Bush is clearly not “staying the course”. The strategy is totally different from a year ago. This “historian” put as much skill into his steaming pile of a historical parallel as he did in choosing his BDS quote.
As for “getting out of the way and letting history happen”. That is a “historians” veiled plea for withdrawal or “redeployment”. Which would lead to what? Genocide. What is the point of this–Darwinian statecraft? Let’s see if they can stand on their own. If not, well, it was not meant to be, the stronger states won out.
There are an seemingly endless string of absurdities but among the best would be:
“So long as the United States continues to pull the strings that make his puppet Iraqi authorities in the Green Zone dance, neighbors like Saudi Arabia and Iran will hold their applause and plot their strategies for when the puppet-master departs.
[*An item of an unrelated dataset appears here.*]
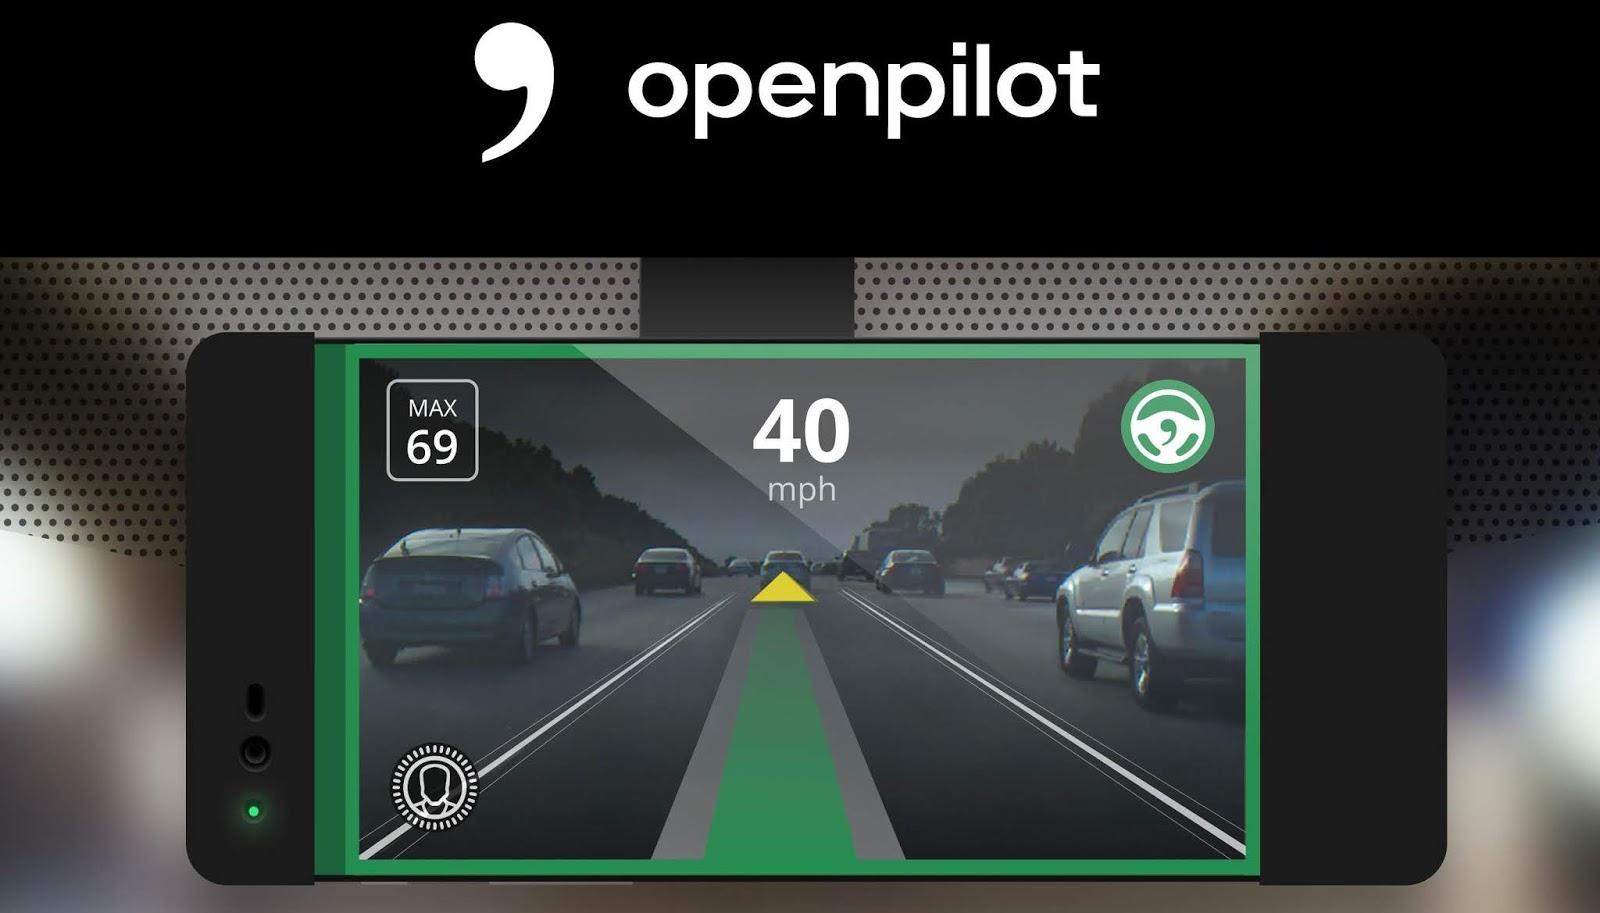 opensource autopilot system

Iran will be applauding our success?
And Iran has not been plot thus far, they are waiting for us to leave? How out of touch could a person be?
The Saudis have completely unhelpful, calling the occupation “unlawful”, letting Mosques churning out terrorists headed to Iraq. They are going applaud a democratic pluralist society with transparent oil laws?
August 3rd, 2007 at 3:54 pm
Hey I’m a historian, I can prove it cause I just stole a quote from some guy named Orwell, “Some things are so stupid that only an intellectual could believe them.” It might apply here. For Dr. Builliet though, not al-Phie.
August 3rd, 2007 at 6:10 pm
This historian needs to stick to rewriting history. Even his evaluation of Napoleon’s Egyptian adventure is full of holes. Even if that were correct, he utterly fails to take notice of the difference in contexts. America isn’t stuck in Iraq with no hope of reinforcements, food and other concerns of logistics, a way home, or dealing with the mass death of our troops by disease.
I won’t even begin to address the Napoleonic Code or Napoleon’s contribution to the decline and fall of France as a world power. (That ought to set Corndog’s fingers twitching. Heh.)
August 5th, 2007 at 11:45 am
I´m telling you, the Iraq war was lost - LOST - the moment the enemy surprised our fleet at anchor and burned it!